Tuesday, June 5, 2007

I think I think too much.

I think I think so much I over think it. Maybe I don't over think it and I think about it just enough. Which happens to be more than others think about it. Almost like that line, "people who feel insane are just the few sane in an insane world."

So there are things that I 'need' to be OK with and there are things that I 'should' be OK with. I am having a hard time determining which is which. To explain, let's say something happens to me that prompts me to feel hurt/upset/frustrated/annoyed. At this time I deal with my feelings at the time in a way that helps me deal with the situation. Then after that, when I have my thinking time, I go back over my day and try to figure out where to go from where I am at that moment. Then I think about this situation.

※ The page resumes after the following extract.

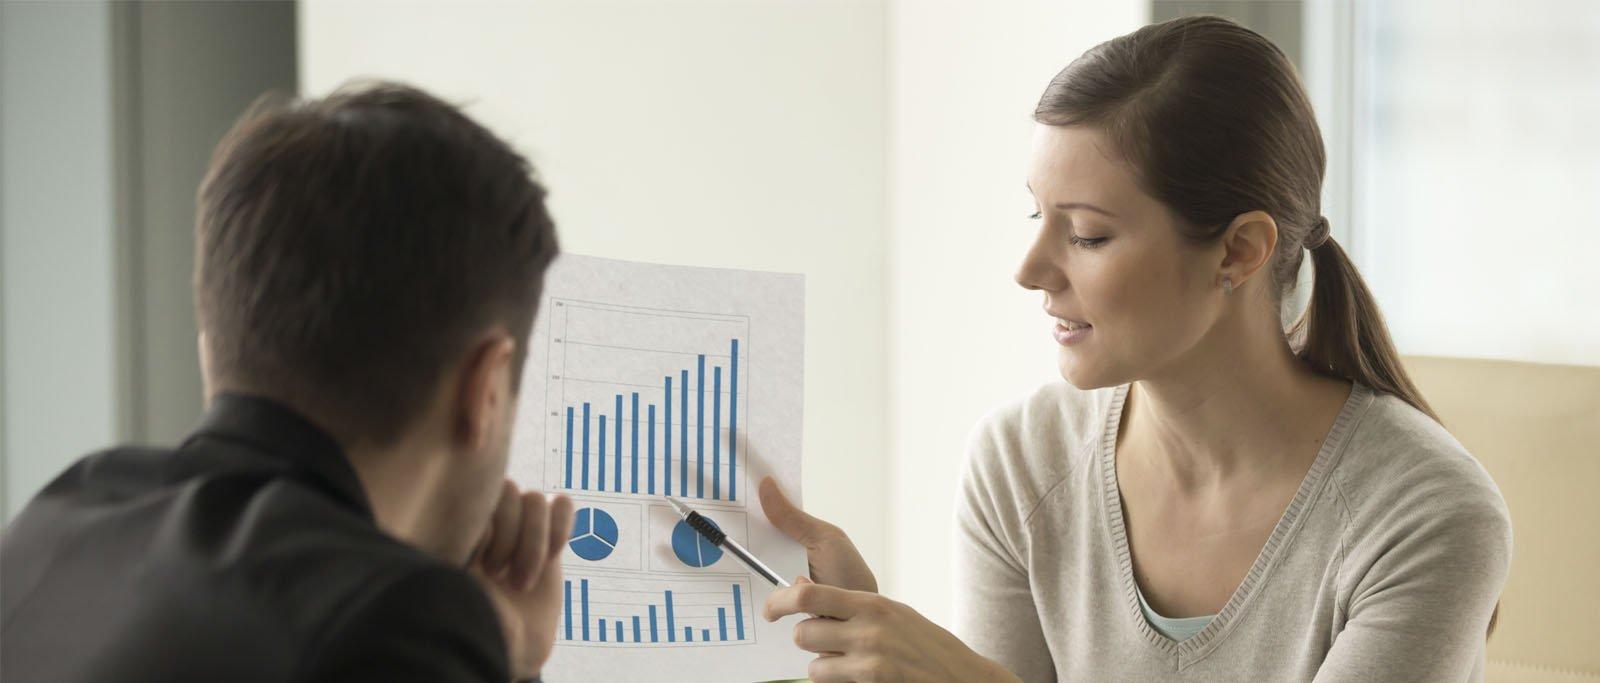 Saiba como calcular metas de vendas para vendedores na prática

Here is my issue: Is this situation a thing that I 'need' to be OK with or that I 'should' be OK with. If it is just me being immature or short sighted, I 'NEED' to grow and deal with it. But if it is me being exactly where my heart and mind should be, sane in an insane world, I don't want to be OK with it or let it slide just because I 'SHOULD'.

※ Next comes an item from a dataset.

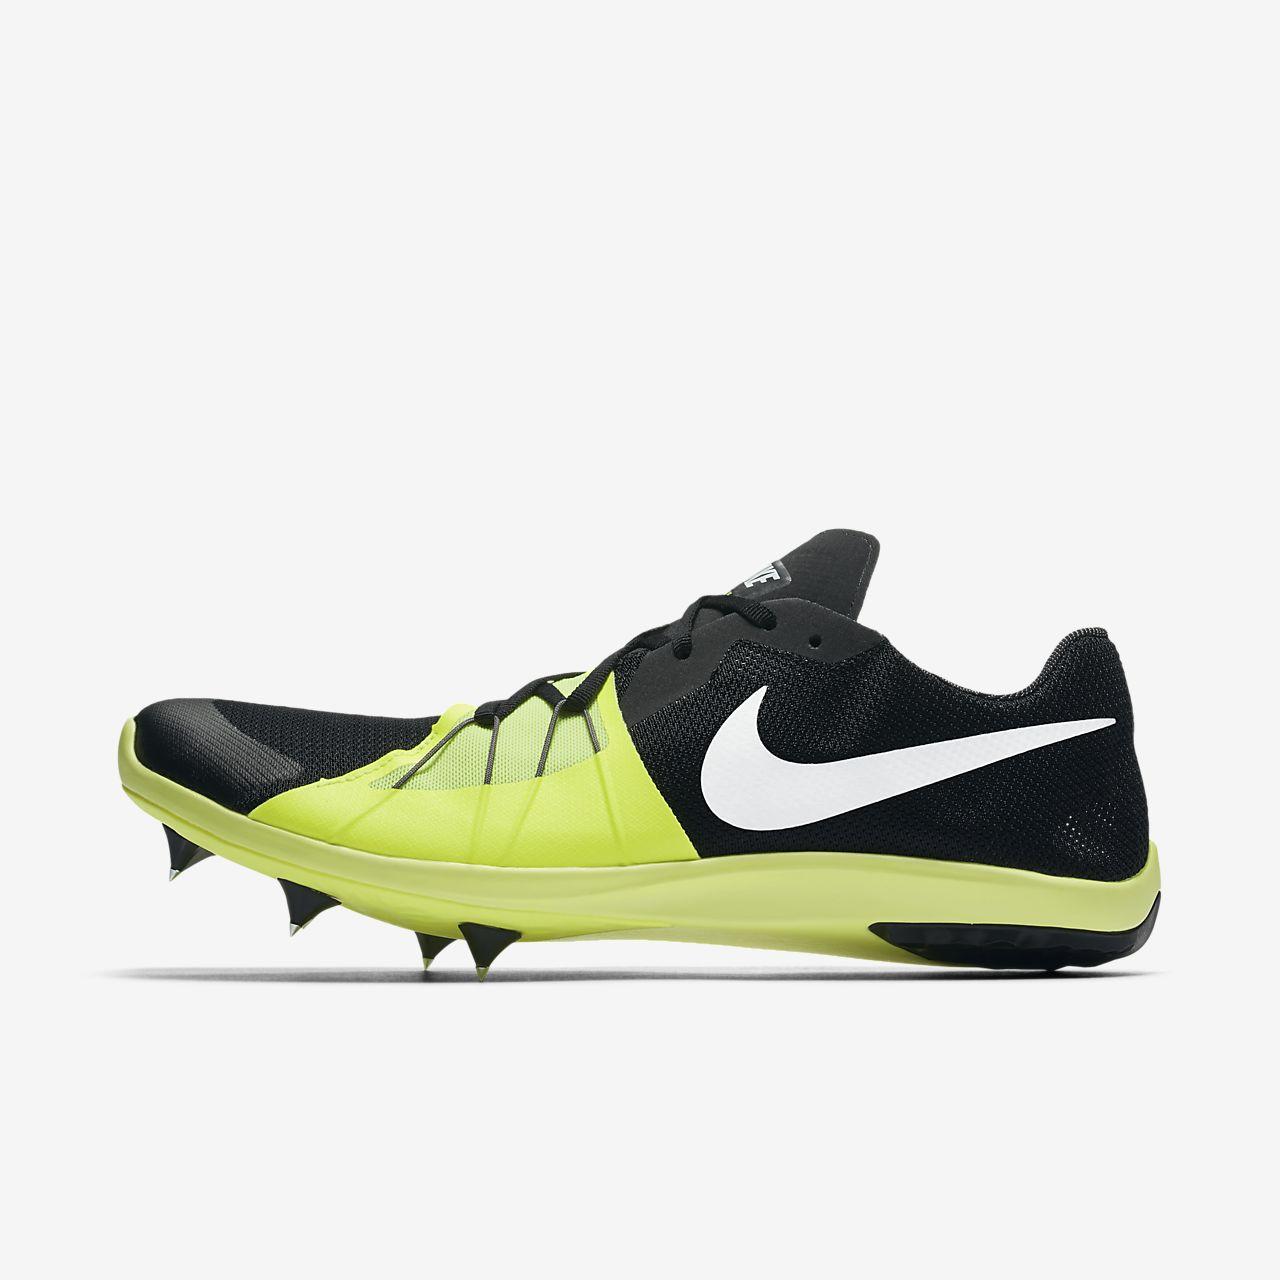 ... Calzado de atletismo con clavos unisex Nike Zoom Forever XC 5

I really hope this thought line is able to be followed because I believe that it is incredibly important and not readily addressed. How many times has someone said, "that is just the way things are. deal with it."? Yes, perhaps that is the way things are but it is not the way things should be. I will not just deal with it. I will not sit by and just be OK with it, I want to change it. Why accept this approach and give up on what your heart is telling you just because it is the way others approach it?

Balance comes up yet again. I want it because it is the best way. Discernment is a skill that I need to fine tune before balance in this matter will even be an option for me.